Если я внимательно раздумываю над жизнью, которой живут люди, то не нахожу в ней ничего отличного от жизни животных. И те и другие посвящены полностью вещам и миру; те и другие развлекаются – с перерывами; те и другие проходят день за днем обычный путь любой органики; те и другие не выходят за рамки собственного мышления, за грань собственной жизни. Кот перекатывается на солнышке и дремлет там. Человек катится по жизни со всеми своими сложностями и дремлет там. Ни один, ни другой не освобождается от рокового обязательства быть тем, кто он есть. Ни один не пытается поднять тяжесть существования. Величайшие люди любят славу, но любят ее не как собственное бессмертие, а лишь как бессмертие абстрактное, в котором, скорее всего, не участвуют.

Подобные размышления заставляют порой меня восхищаться той разновидностью индивидов, к которой я испытываю инстинктивное отвращение. Обращаюсь к мистикам и аскетам – к монахам всех Тибетов, к Симеонам Столпникам со всех столпов. Эти, пусть и нелепым способом, действительно пытались освободиться от закона, общего для человека и животного. Эти, пусть и смехотворно, на самом деле пытались отрицать закон жизни – нежиться на солнце и ожидать смерти, не думая о ней. Они стремятся даже в неподвижности на столпе; стремятся, ищут даже в темноте кельи; хотят того, чего не знают, хотя бы в мученичестве, им данном, и в печали, им предписанной.

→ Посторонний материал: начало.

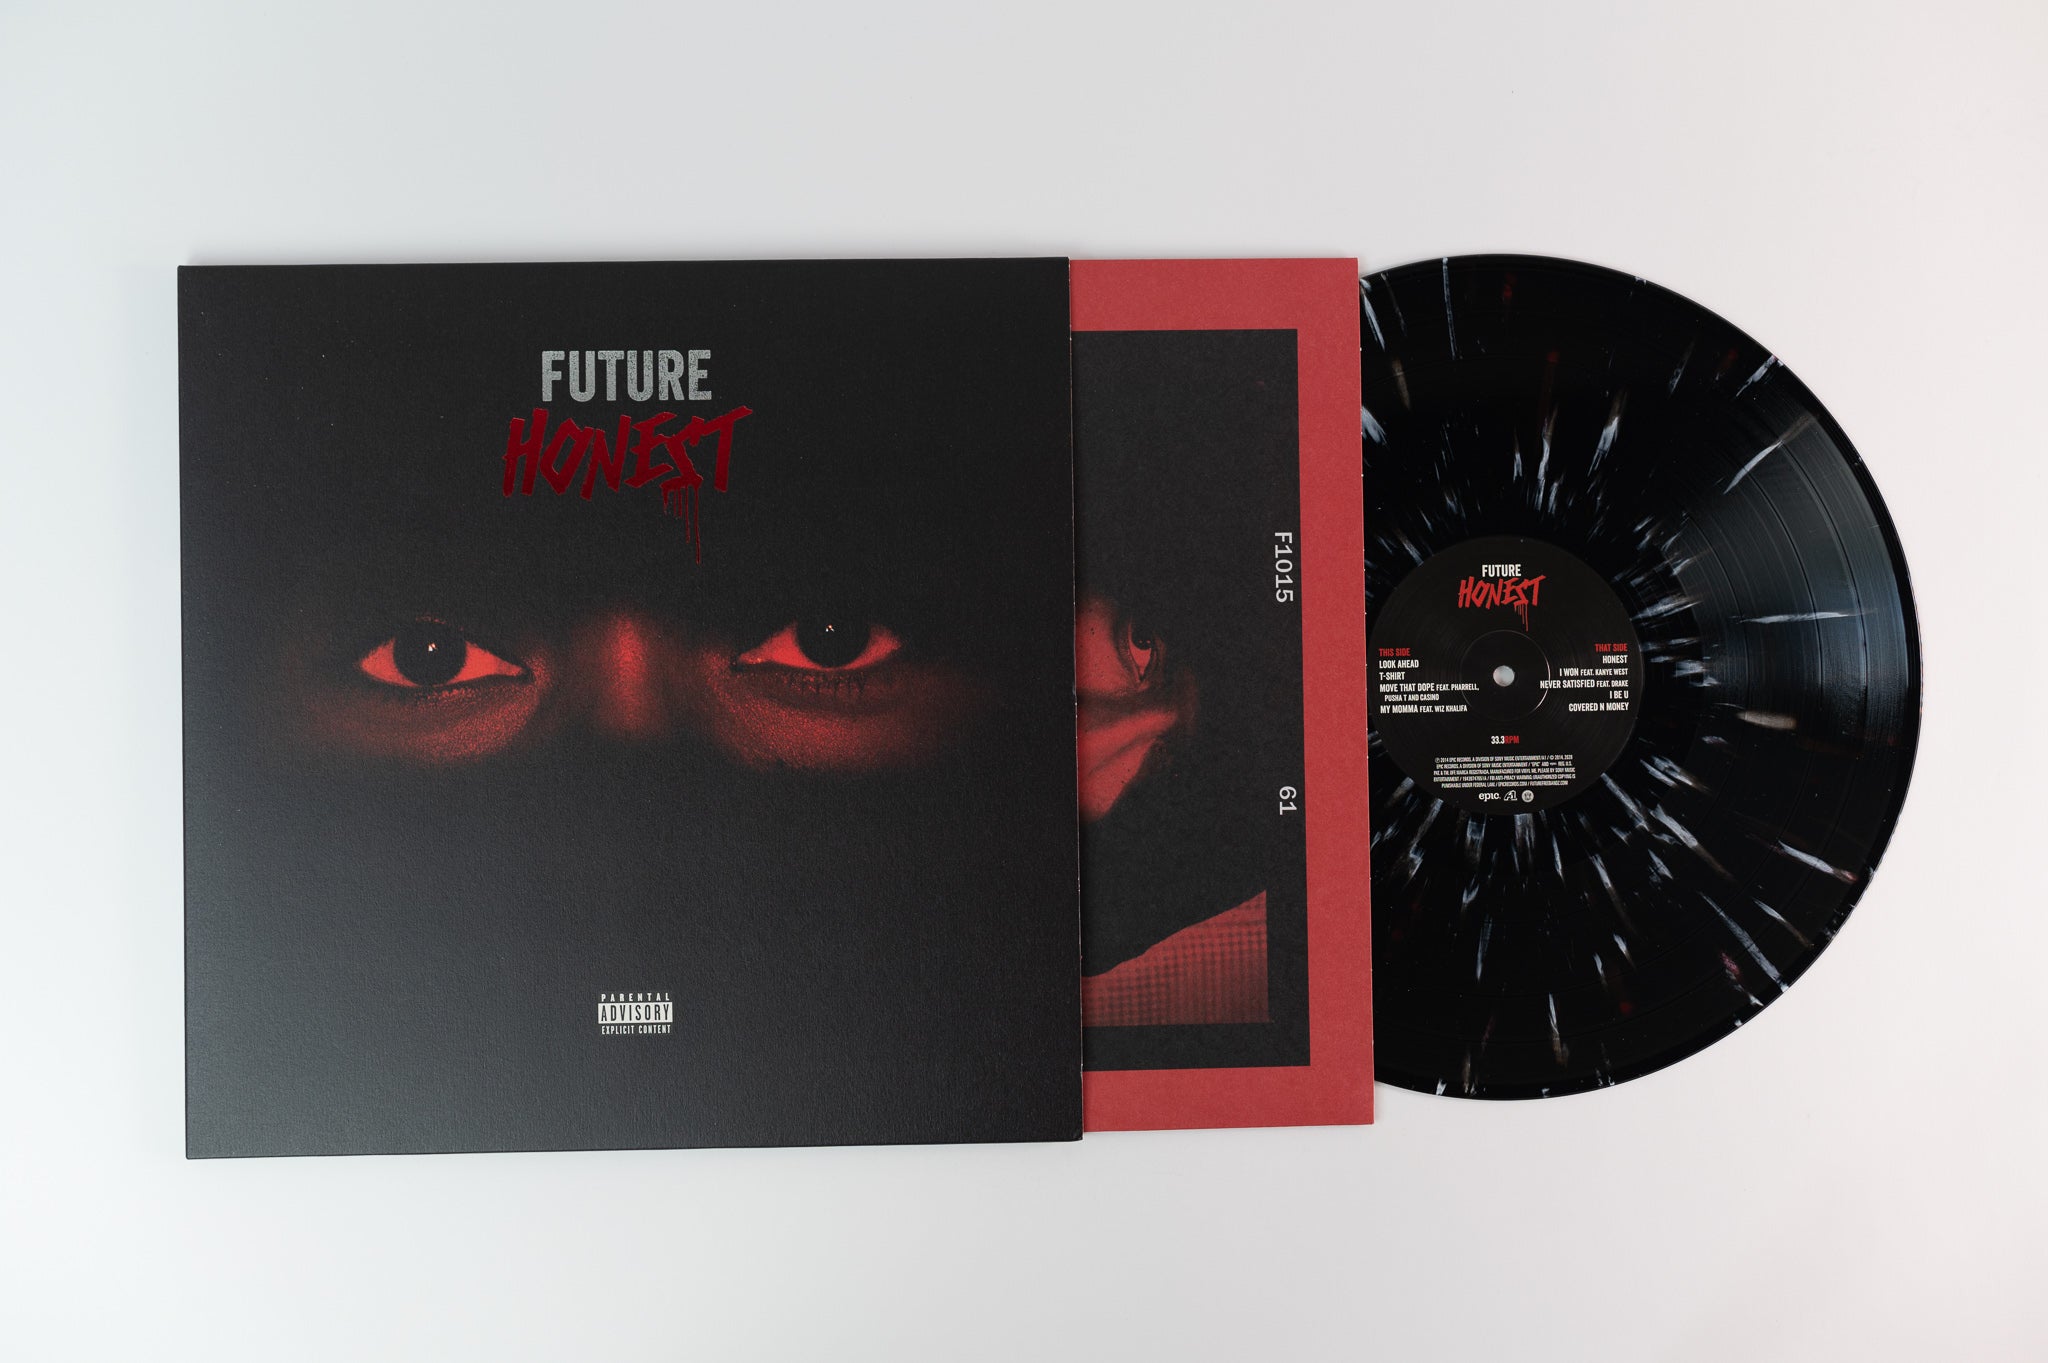 Future - Honest on Legacy Vinyl Me Please Limited Reissue Black White & Red Splatter

Мы, все остальные, ведущие животную жизнь с ее сложностями, пересекаем сцену, как статисты, наслаждаясь бездумной торжественностью своего прохода. Собаки и люди, коты и герои, блохи и гении – мы играем в существование, не думая о нем (ведь и лучшие мыслят только о размышлениях) под великим покоем звездного неба. Другие – мистики страшных времен и жертвенности – чувствуют, по крайней мере всем телом, повседневно, присутствие таинства. Они свободны, потому что отвергают видимое солнце; они полны, потому что освободились от пустоты мира.

Говоря о них, я сам становлюсь почти мистиком, но неспособен стать чем-то большим, чем эти слова, написанные по случайной склонности. Я всегда буду принадлежать улице Золотильщиков, как и все человечество. Буду всегда – в стихах или прозе – служащим за письменным столом. Буду всегда, в мистическом или в не мистическом, ограниченный и покорный, рабом своих ощущений и часа, когда их испытываю. Буду всегда, под огромным синим балдахином немого неба, – пажом, участвующим в непонятном обряде; жизнь дала мне одежды, чтобы я мог исполнить этот обряд, и я делаю, не зная зачем, жесты и шаги, принимаю соответствующую осанку и манеры, до тех пор пока праздник закончится или закончится моя роль в нем, и я смогу пойти на праздничный ужин в больших палатках в глубине сада.

Я нахожусь сейчас внутри одного из таких дней, где меня давит, будто вход в карцер, однообразие всего. Да нет, не однообразие всего, только однообразие меня самого. Каждое лицо, даже увиденное вчера, сегодня – другое, так как сегодня – не вчера. Каждый день – это день, какого никогда не было в мире. Только в нашей душе есть одинаковость – одинаковость ощущаемая, хотя и ложная, – из-за которой все уподобляется и упрощается. Мир – это выделяющиеся вещи и различные грани; но для близоруких это туман, унылый и постоянный.

У меня одно желание – бежать. Бежать от того, что знаю, бежать от того, что мое, бежать от того, что люблю. Хочу уехать – не к несуществующим Индиям или к большим островам на краю всего сущего, но в любое место – деревню или пустыню, – лишь бы оно содержало в себе небытие этого места. Хочу не видеть более эти лица, эти обычаи и эти дни. Хочу отдохнуть, свободный, от моего органического притворства. Хочу почувствовать сон, пришедший как жизнь, а не как отдых. Хижина на морском побережье, пещера, даже морщинистая терраса горной цепи могли бы дать мне это. К несчастью, мое желание мне этого дать не может.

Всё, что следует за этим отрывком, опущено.